So i'm simply trying to add certain strings to a NxN array(matrix) using a for loop. First I create an empty 2D array using np.empty to later fill up with my values:
matrixK = np.empty(((imgL.shape[0], imgL.shape[1])),dtype=str)
for i in range(imgL.shape[0]):
for j in range(imgL.shape[1]):
matrixK[i][j] = 'ab' 'cd'
When I run this code I get a correct NxN array matrixK that is however only filled with 'a' at all indexes instead of 'abcd'. So basically always only the first character of the string instead of the whole string. I suppose something is wrong with the data type of the array but don't know what since I specify the datatype as str
For now i'm just trying to fill the array with strings like 'ab' 'cd' for testing, in practice these would be strings taken from other arrays
CodePudding user response:
Since numpy arrays allocate memory for the values in the array, your empty strings are allocated as dtype='<U1'
, which is not enough to store strings with length >= 2.
You need to use object
instead of str
, which will allocate memory for PyObject
pointers in the array where the data type is a python object that can be dereferenced to be the full python string you intended.
matrixK = np.empty(((imgL.shape[0], imgL.shape[1])), dtype=object)
EDIT
If you know the size of the strings beforehand, you could also use <U4
to allocate memory to hold up to 4 characters in each position.
matrixK = np.empty(((imgL.shape[0], imgL.shape[1])), dtype='<U4')
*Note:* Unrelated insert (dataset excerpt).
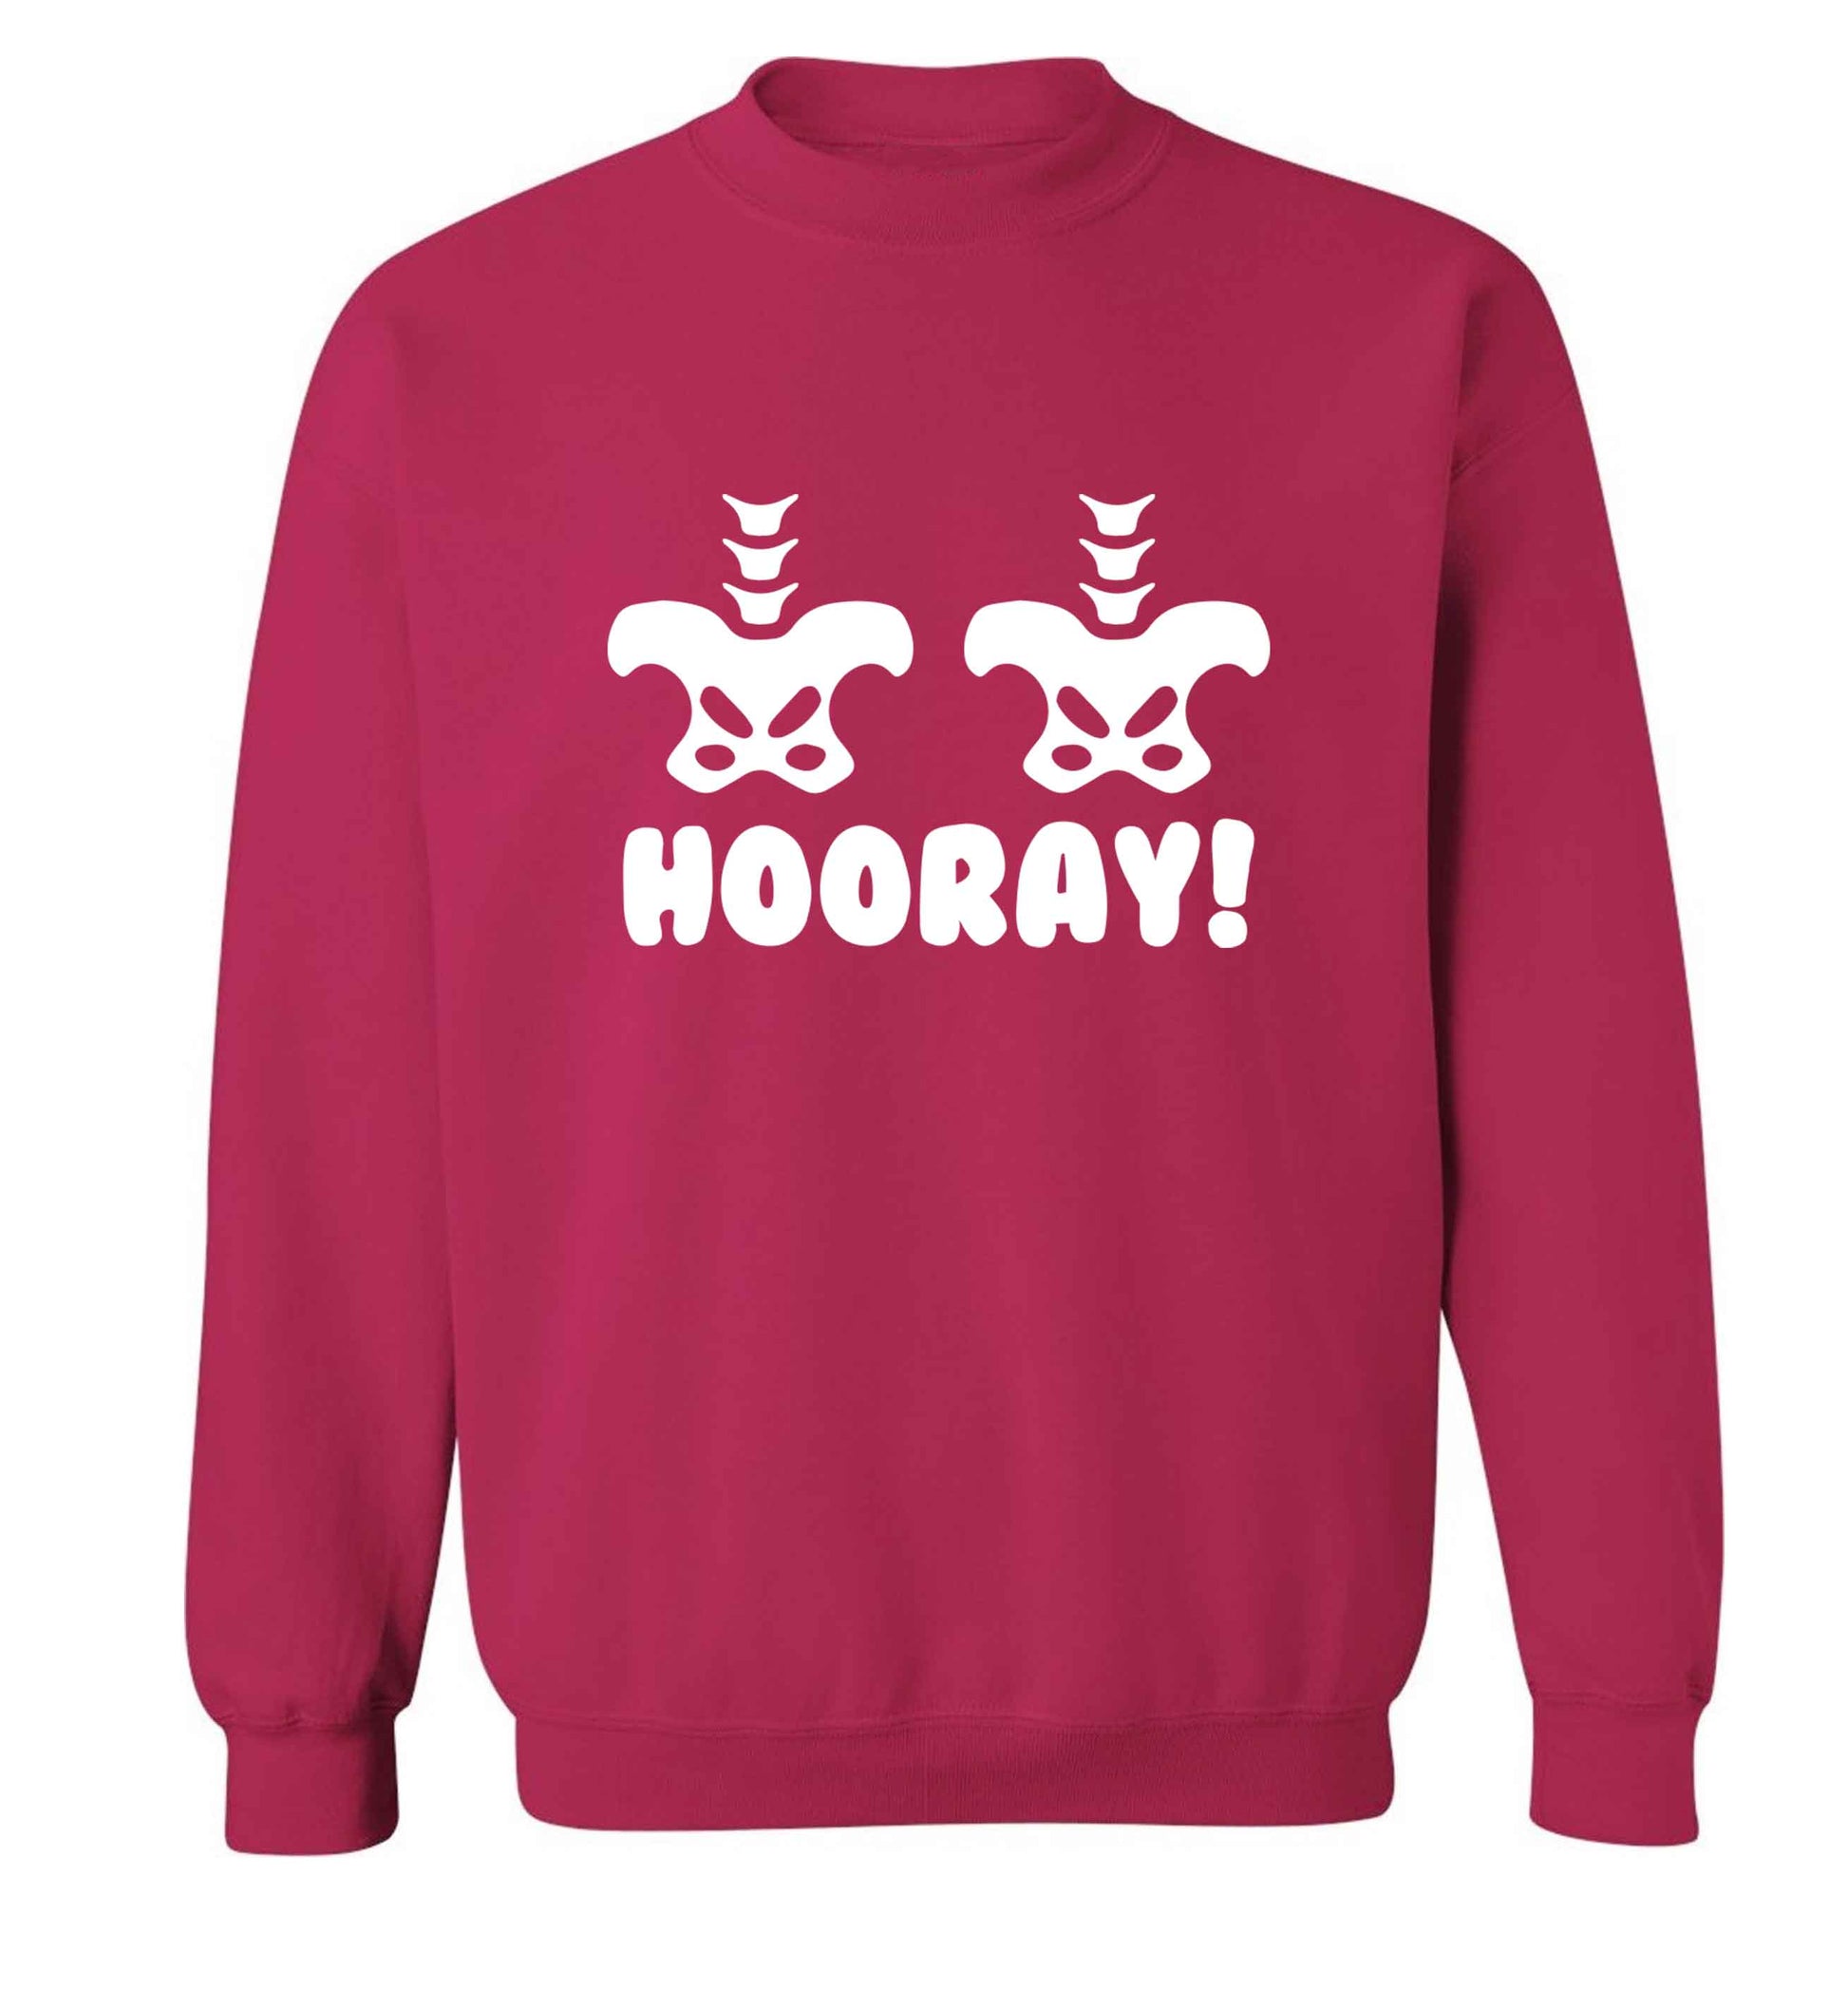 Hip Hip Hooray! adult's unisex pink sweater 2XL

As for why using dtype=str
doesn't work, numpy is trying to be smart in not using PyObject
s in the array so the elements are contiguous in memory. This is numpy's behaviour as its primary use case is for storing numerical values where matrix operations are more efficient when values are contiguous in memory instead of having to dereference PyObject
pointers (Python's default behavior). But since arrays need to have a data type for the elements for the purpose of memory allocation, numpy infers from the input and represents it as <U1
for your case of empty strings.
In a lower-level language, you'd face the same issue of having to either allocate a pointer to the char array/string or allocate for strings with a predefined length.